Artistic blend of Japan, India

Megumi Sakakida Deepak speaks Kannada, paints Indian themes

May 25, 2014 11:39 pm | Updated 11:49 pm IST - Bangalore:

The journey from Kyoto, Japan, to Bangalore has been an enriching one for this Japanese artist who can speak, read and write Kannada, sing Kannada songs, and says she feels at home at Kundapur.

Meet Megumi Sakakida Deepak for whom India is her home now but is rooted in Japanese culture and art. No wonder after her three-year stay in India, her first solo exhibition of her works of art is called Nanna Bharatiya Jeevana. The works of art are an interesting blend of Japanese art and Indian themes.

Yukio Takeyari, MD, Sony India Software Centre Pvt. Ltd., inaugurated the exhibition at the Belaku Gallery of the Rangoli Metro Art Centre here on Sunday.

Food and culture find recurrence in most of her works, with Ms. Sakakida offering a glimpse of a Japanese platter as well as the traditional South Indian thali , served on a banana leaf. There are some autobiographical aspects too, be it the painting of her Indian husband or a painting of the wedding of her chef-friend from Japan in Kundapur.

Dressed in a salwar-khameez and sporting a “bindi” on her forehead, Megumi Sakakida Deepak fielded a volley of questions from presspersons who were bowled over by her ‘Indian-ness’. She spoke about her love for India, that she can speak Tulu and Telugu, besides Kannada, and that she can make idlis. “I can’t make good idlis but the dosas come out well,” she says.

Ms. Sakakida’s tryst with India, and more specifically Karnataka, began when she started work as a designer at an Indian restaurant ‘Kerala’ in Kyoto after graduation. “Two chefs were from Kundapura. I was fascinated by their language and their stories. I visited Kundapura in 2009. After I went back home, I decided that I want to study in Bangalore.
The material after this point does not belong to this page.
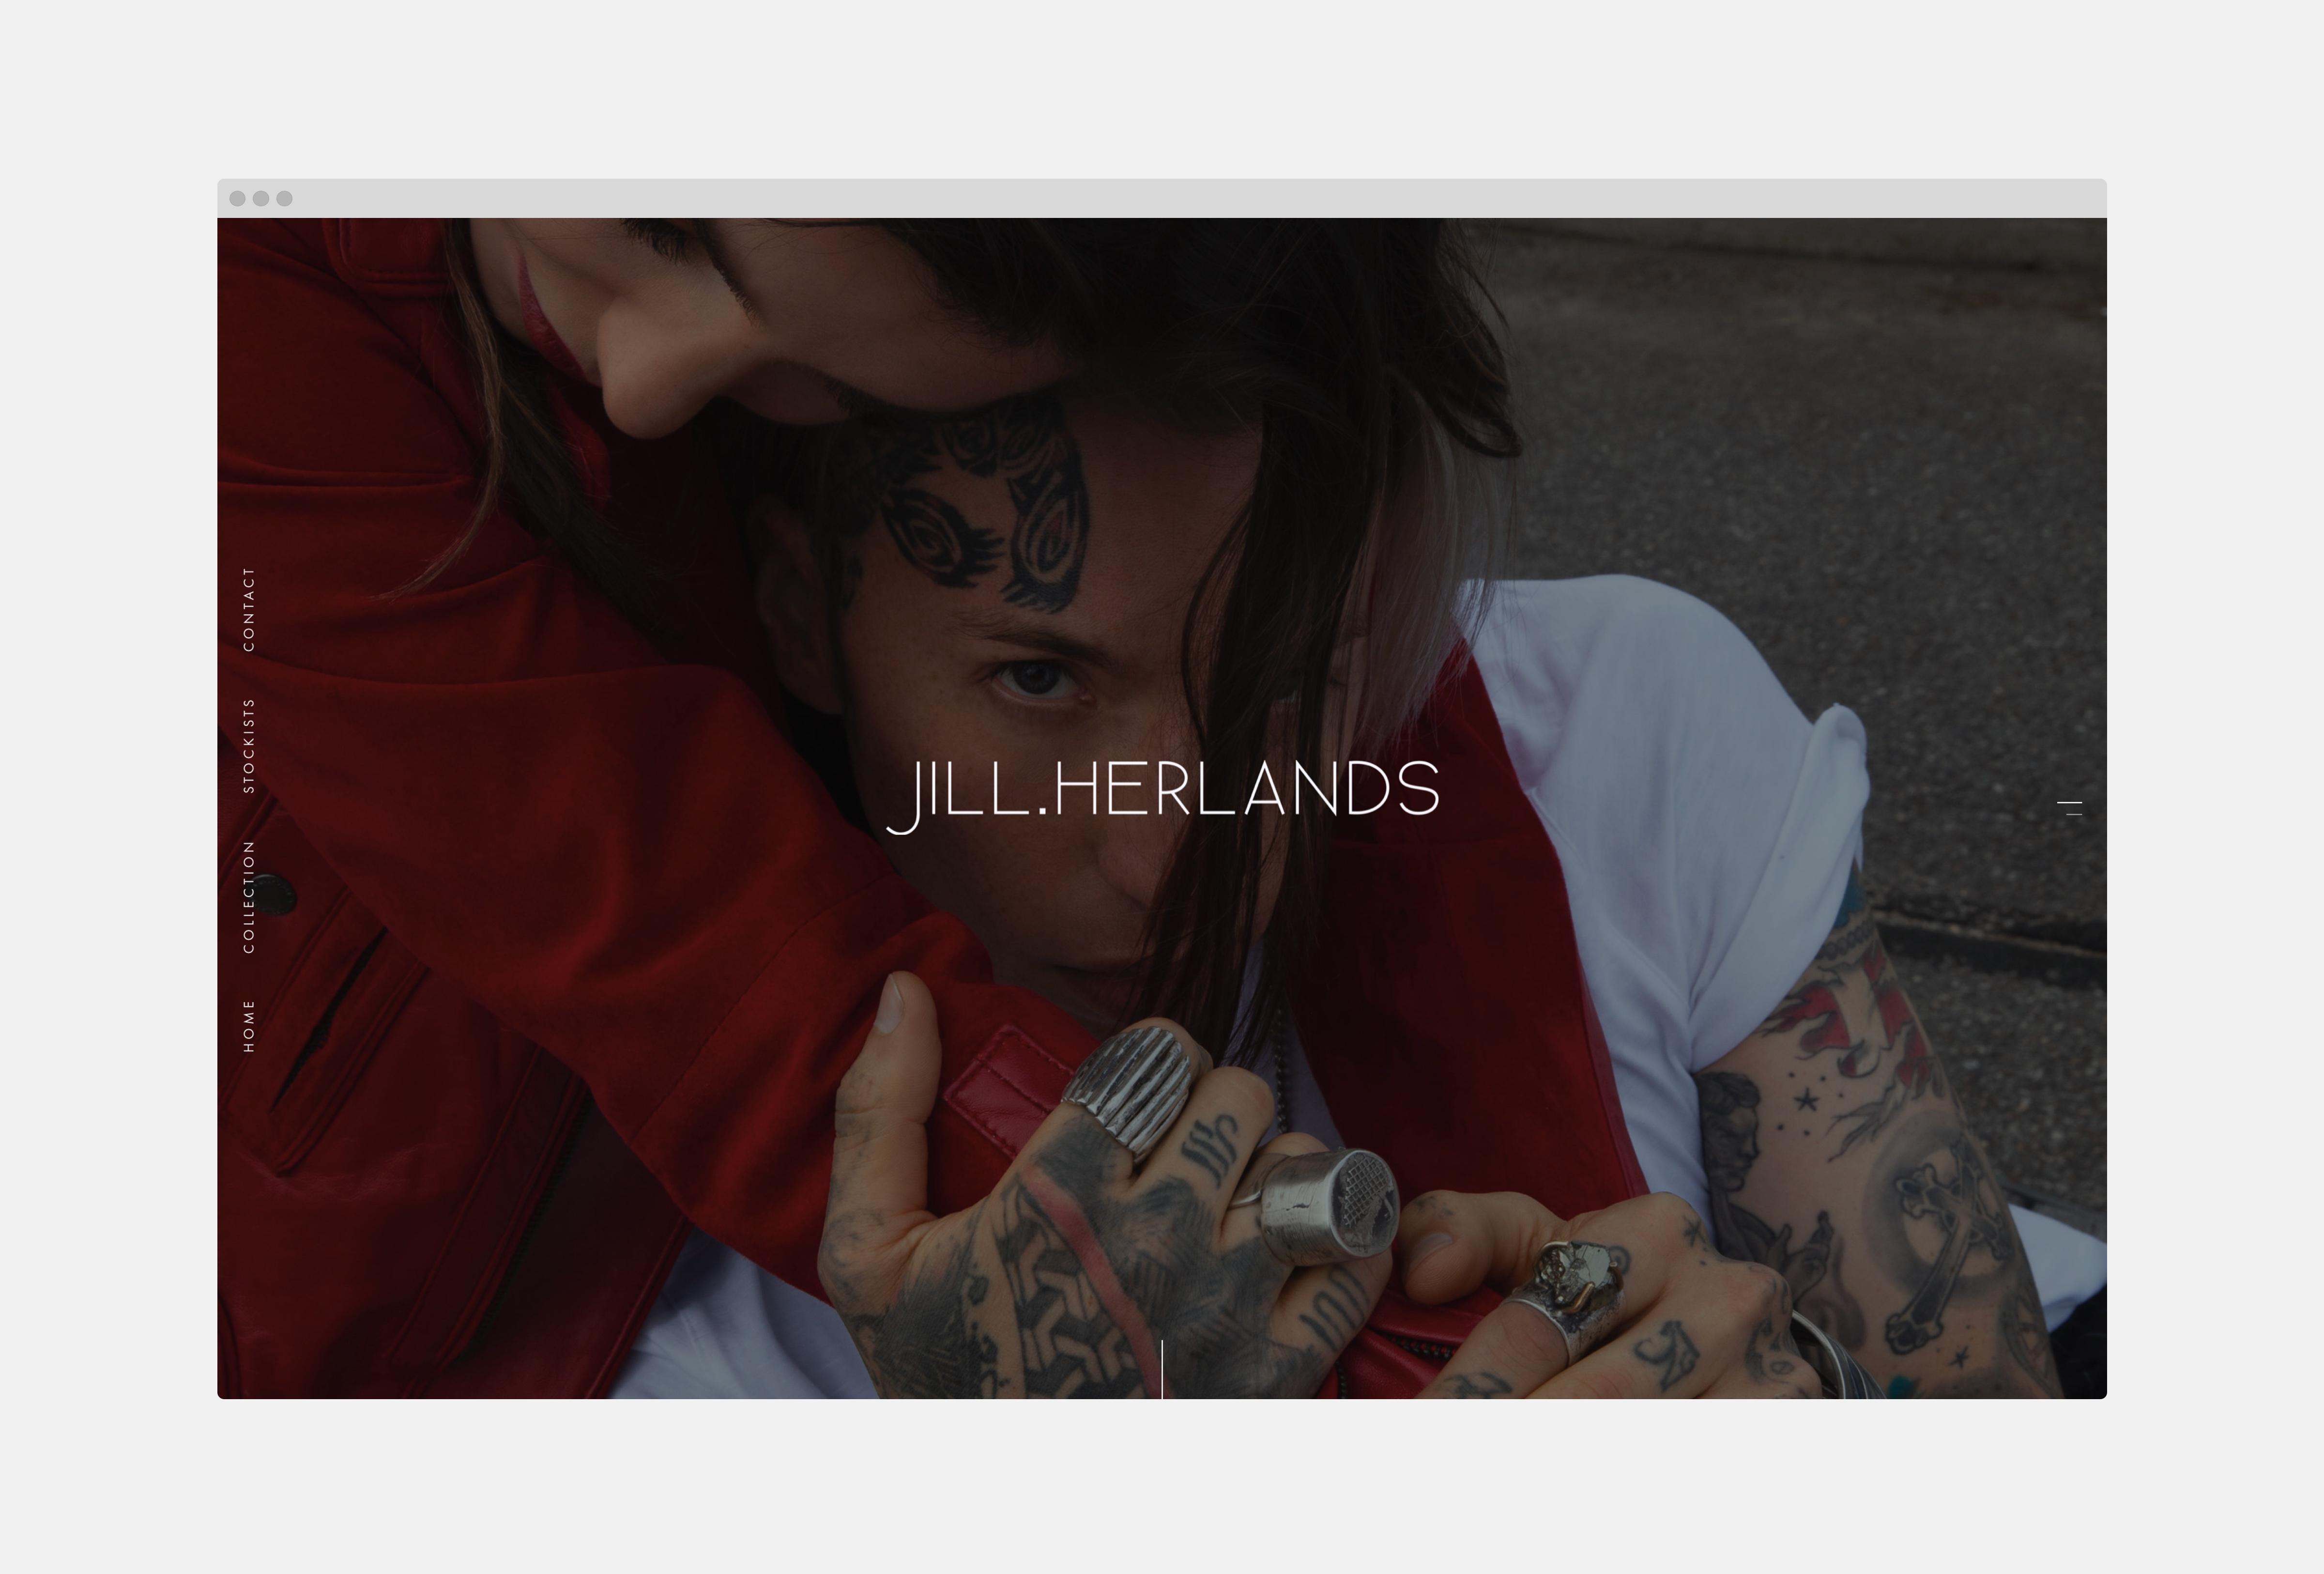 Jill.Herlands - Lovably

So I enrolled myself for a postgraduate course in the Karnataka Chitrakala Parishat,” she explains.

Later, she married her classmate and artist Deepak D.L., native of Kushalnagar. The couple has now made Bangalore their home.

According to Ms. Sakakida, her Japanese parents also love India and have visited her several times.

The exhibition is on till June 8 .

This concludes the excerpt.